I have two dataframes A and B. A is smaller with 500 lines and B is larger with 20000 lines. A's columns are:
A.columns = ['name','company','model','family']
and B's columns are:
B.columns = ["title", "price"]
The title column in B is a large messy string but it does contain strings from 3 columns in A namely company, model and family (forget about 'name' column because name in A itself is a combination of company, model and family). I need to match each row from A to a single row in B. This is my solution:
out=pd.DataFrame(columns={0,1,2,3,4,5})
out.columns=["name", 'company', 'model', 'family', 'title', 'price']
for index, row in A.iterrows():
lst=[A.loc[index,'family'], A.loc[index,'model'], A.loc[index,'company']]
for i, r in B.iterrows():
if all(w in B.loc[i,'title'] for w in lst):
out.loc[index,'name']=A.loc[index,'name']
out.loc[index,'company']=A.loc[index,'company']

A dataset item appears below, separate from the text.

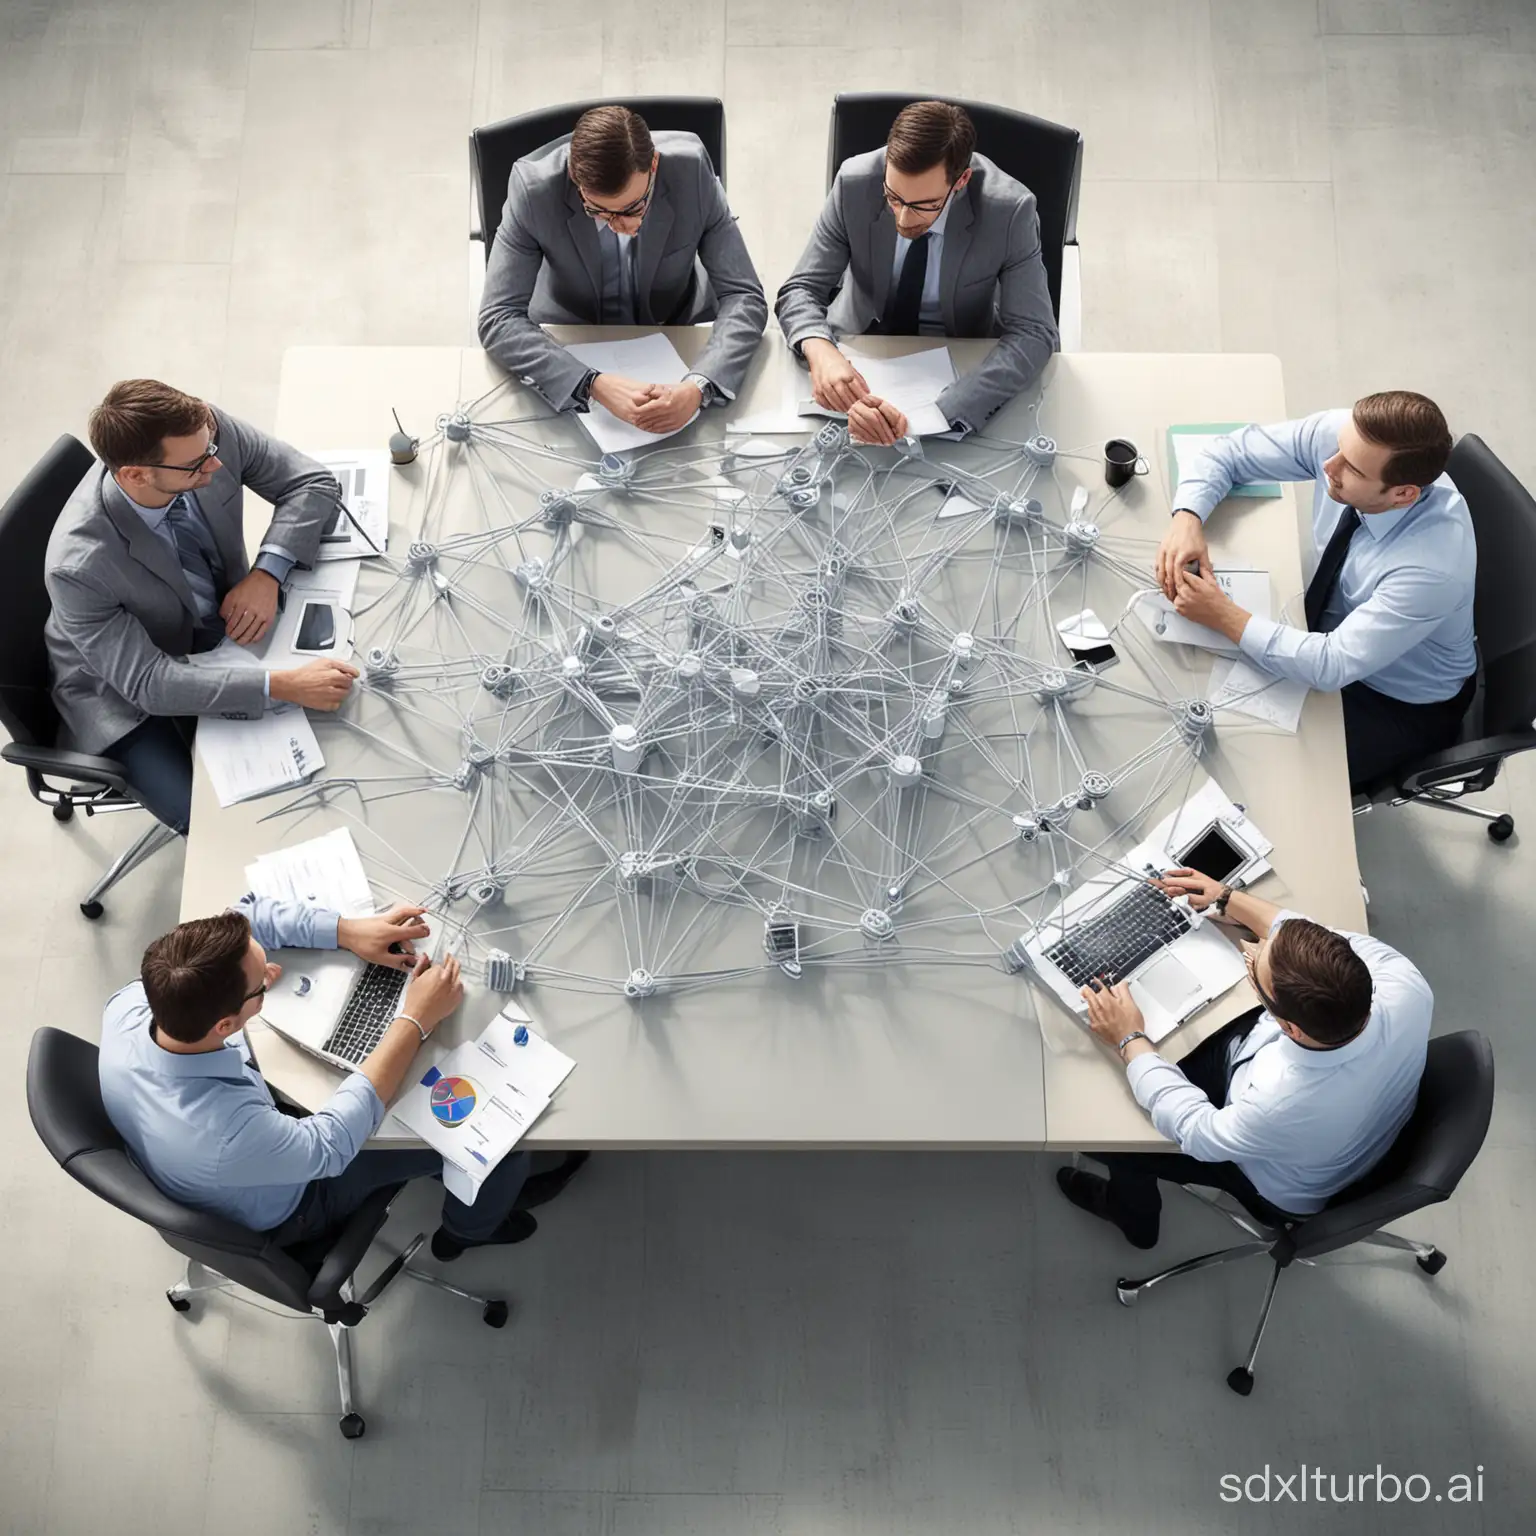 Corporate-IT-Department-Meeting-of-Six-People-Photorealistic-Scene
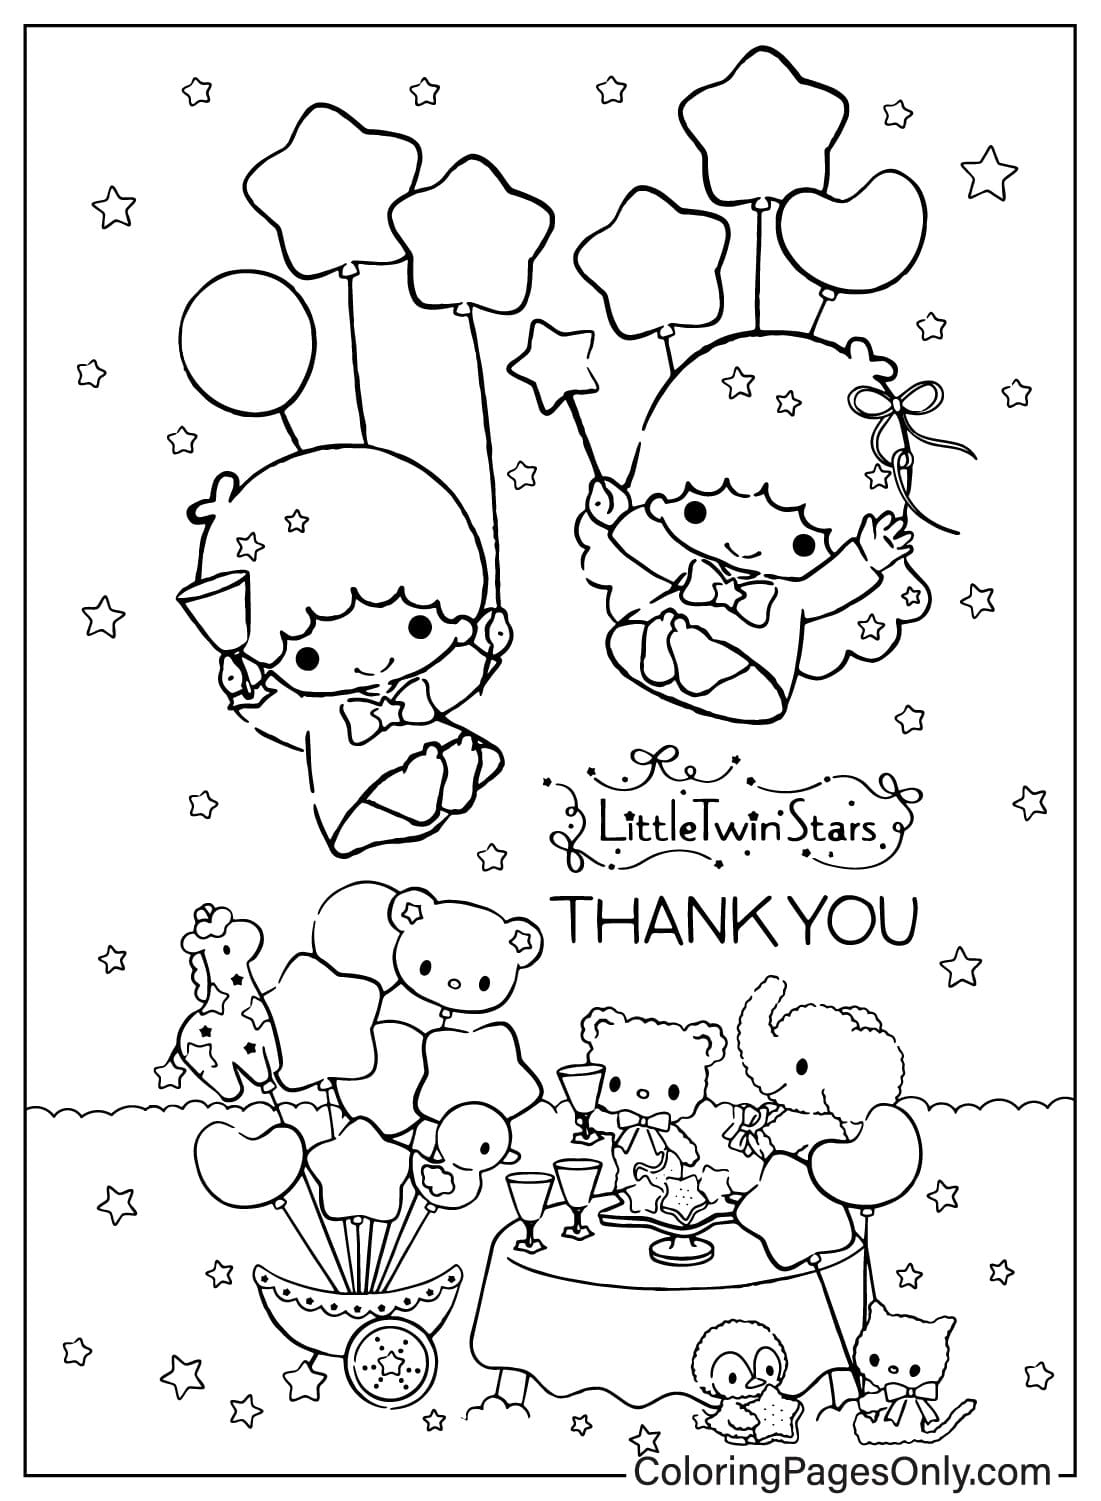 Página para colorear de Little Twin Stars gratis de Little Twin Stars

out.loc[index,'model']=A.loc[index,'model']
out.loc[index,'family']=A.loc[index,'family']
out.loc[index,'title']=B.loc[i,'title']
out.loc[index,'price']=B.loc[i,'price']
break
This does the job very inefficiently and takes a long time. I know this is a "record linkage" problem and people are researching its accuracy and speed but is there a faster more efficient way for doing this in Pandas? If I check only one or two items from lst in the title, it will be faster but my concern is that it will decrease the accuracy...
In terms of accuracy, I'd rather get less matches than wrong matches.
Also, A.dtypes and B.dtypes show that both dataframes' columns are objects:
title object
price object
dtype: object
I appreciate any comment. Thanks
*********UPDATE***********
Part of the two files can be found at: A B
I do some cleaning on them as:
import pandas as pd
import numpy as np
from scipy import stats
import matplotlib.colors as mcol
import matplotlib.cm as cm
import matplotlib.pyplot as plt
import math
A = pd.read_csv('A.txt', delimiter=',', header=None)
A.columns = ['product name','manufacturer','model','family','announced date']
for index, row in A.iterrows():
A.loc[index, "product name"] = A.loc[index, "product name"].split('"')[3]
A.loc[index, "manufacturer"] = A.loc[index, "manufacturer"].split('"')[1]
A.loc[index, "model"] = A.loc[index, "model"].split('"')[1]
if 'family' in A.loc[index, "family"]:
A.loc[index, "family"] = A.loc[index, "family"].split('"')[1]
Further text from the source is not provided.